The Chinese authorities announced a new round of policy easing measures on Friday. They rolled out a series of significant supportive policies nationwide, including further reduction in the down payment ratio to a historic low, lifting of the lower limit for personal mortgage loan interest rates, lowering of the provident fund loan interest rates and establishment of the special-purpose re-lending program for affordable housing. The new policies' aim is to boost homebuyer sentiment and ease developer liquidity stress.

Robin Xing, chief China economist at Morgan Stanley, forecast that housing support measures may continue to evolve in the coming quarters. "We see more urgency to execute home completion with better utilization of policy banking tools," Xing said.

With further home purchase relaxations anticipated, the announced policies should facilitate faster market clearing, support liquidity among developers, restore homebuyer confidence and improve housing investment, albeit with a lag, he said.

Amid a challenging period of sluggish demand and liquidity stress, the combined revenues of Chinese mainland developers listed in the A-share and Hong Kong markets reached 4.1 trillion yuan ($570 billion) in 2023, up 3.4 percent year-on-year, according to a report by Chinese-language newspaper Securities Times. Half of the developers realized revenue growth last year, having seen their revenue plunge in 2022.

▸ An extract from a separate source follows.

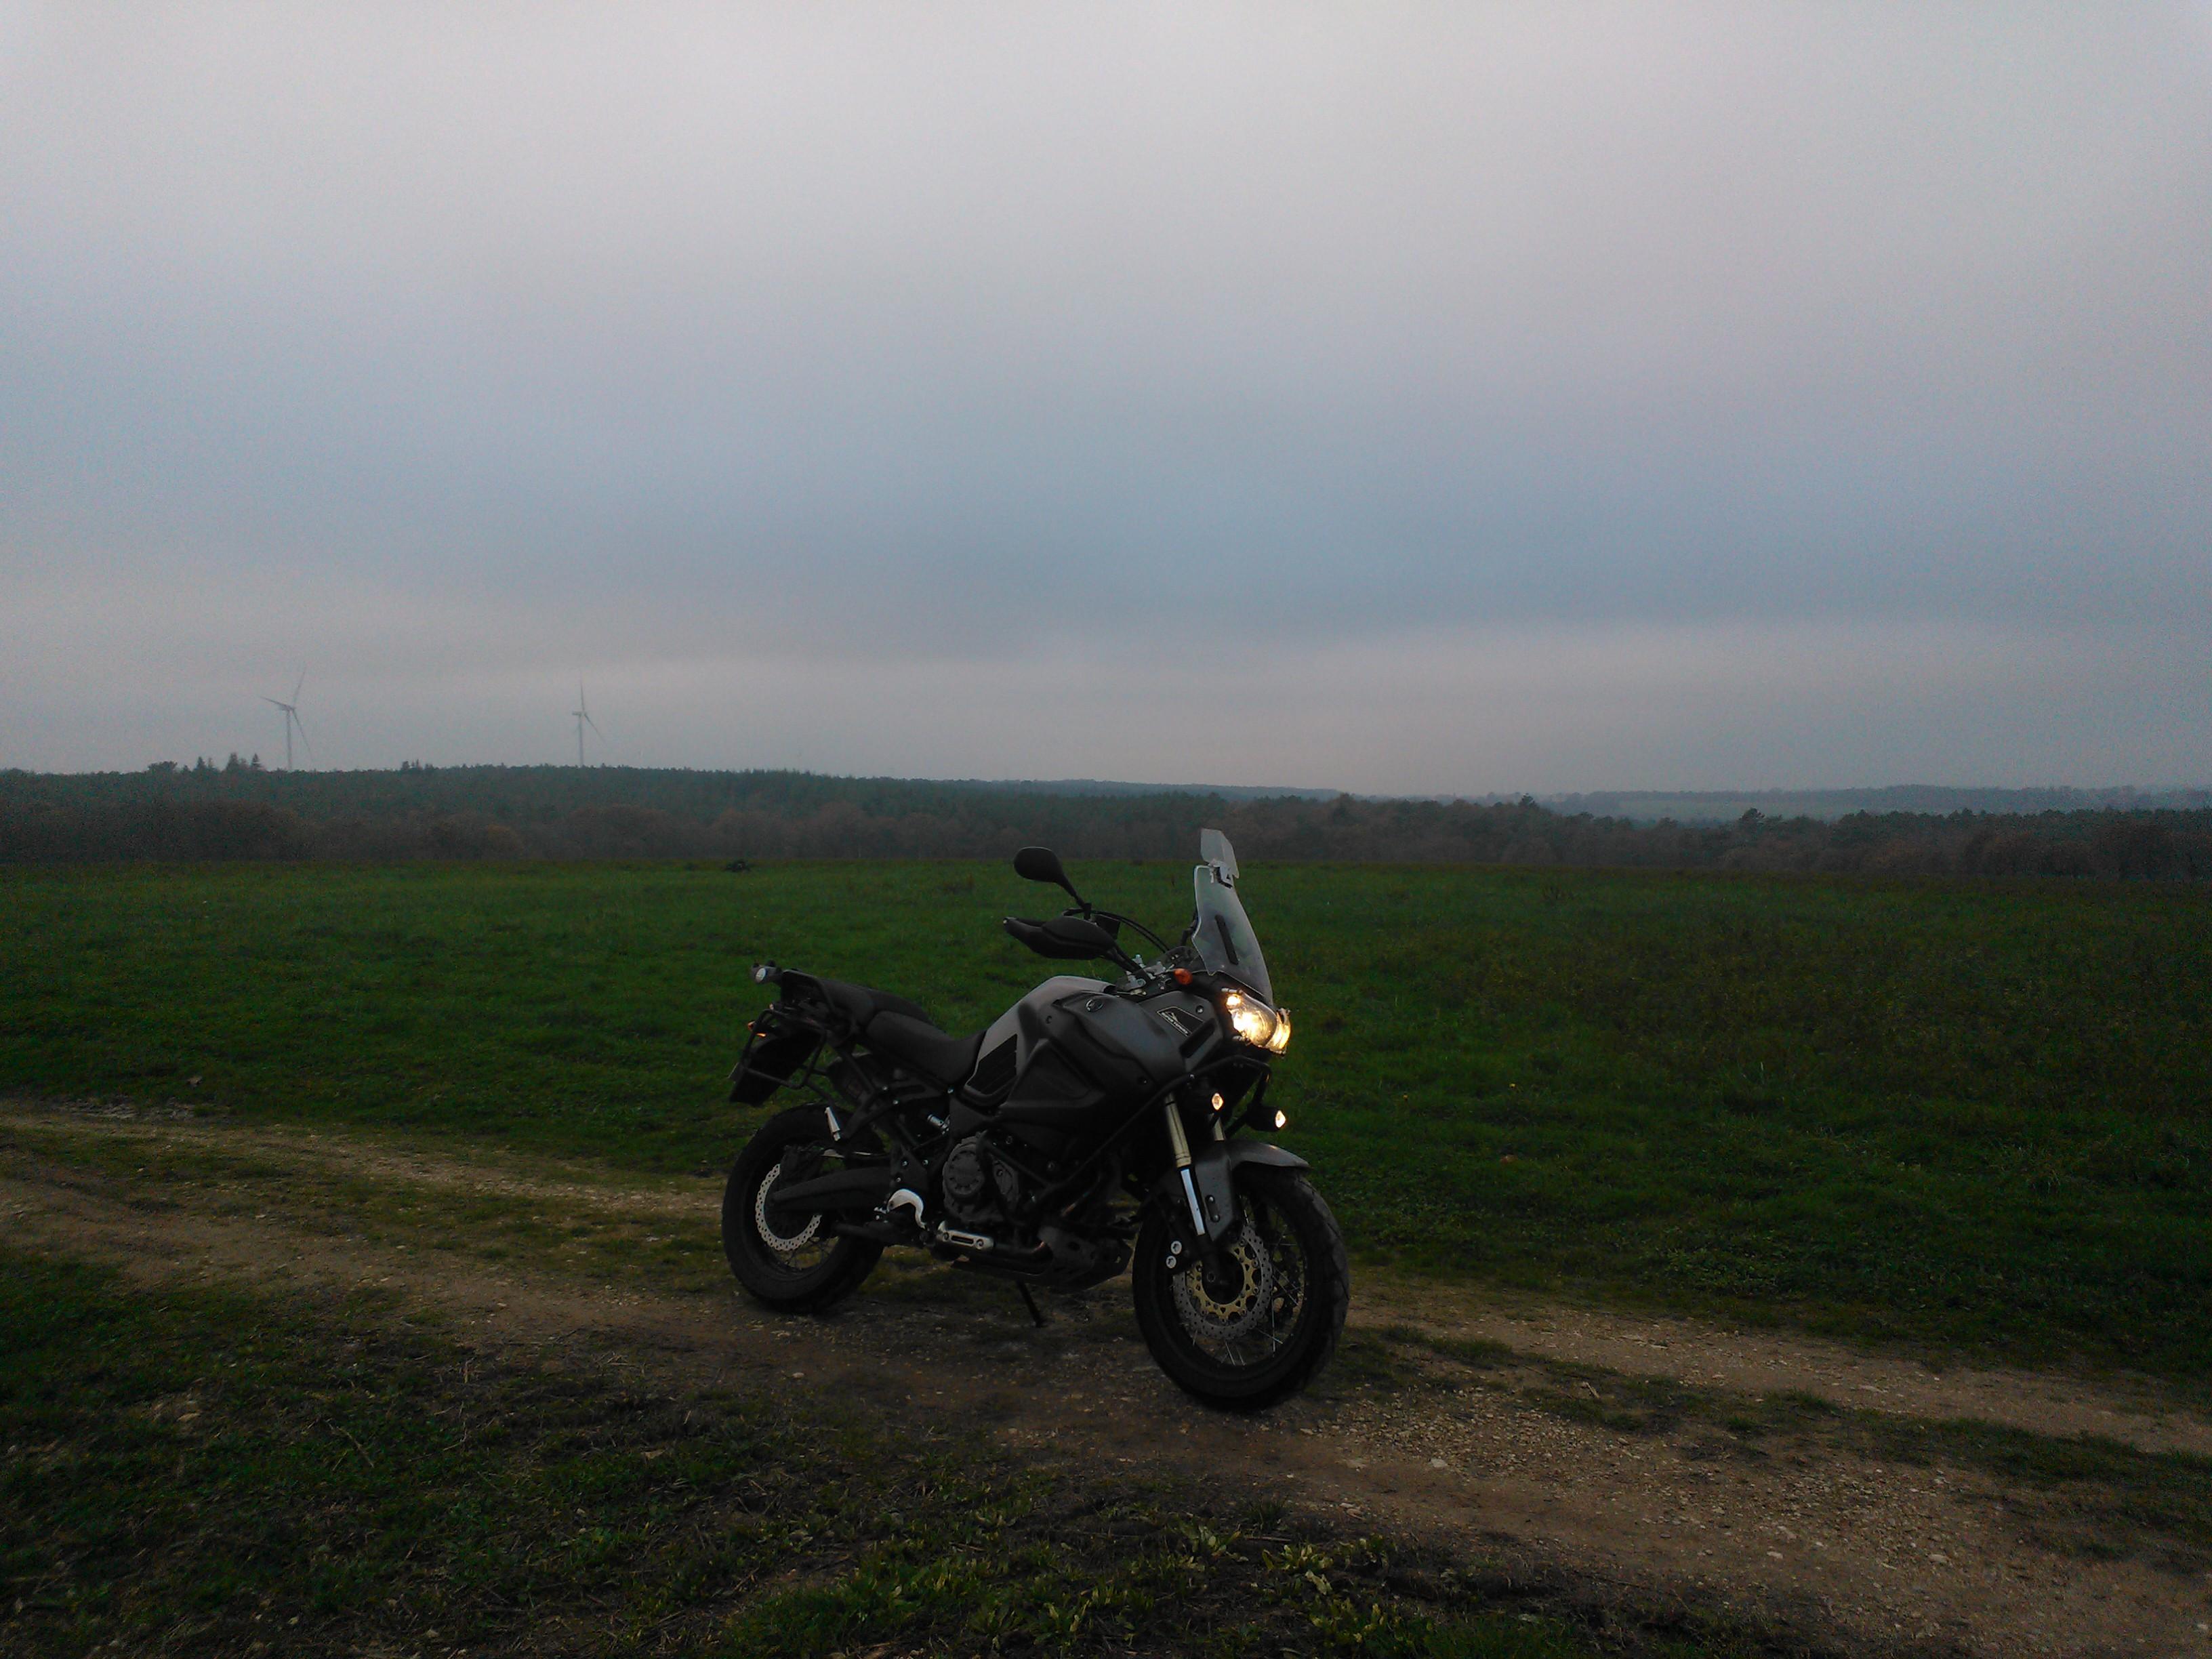 Balade dans les champs en Bretagne 503410WP201411301

Most importantly, the leverage ratios of leading real estate companies have continued to decline, resulting in a more optimized assetliability structure. For top-tier real estate enterprises with annual sales exceeding 1 trillion yuan in 2023, the median asset-liability ratio, after adjusting for advances from buyers, stood at 62.63 percent last year.

That represented a 3.4 percentage point decrease from 2022 to a nine-year low, indicating a substantial reduction in leverage.

Lu Ting, chief China economist at Nomura, a Japanese international financial institution, said the property industry remains key to cementing the momentum of the Chinese economy given its great significance to the entire economy.

While China needs to develop public housing in the long term as a focus of a new development model for the real estate industry, it is still critical now to revive the existing market-oriented housing supply system by ensuring pre-sold housing delivery, Lu said.

Wang Qing, chief macroeconomic analyst at Golden Credit Rating International, said that for long-term stability in real estate and broader economic growth, a balanced approach between affordable and commercial housing is key — and restrictions on housing purchases and mortgage should be phased out gradually.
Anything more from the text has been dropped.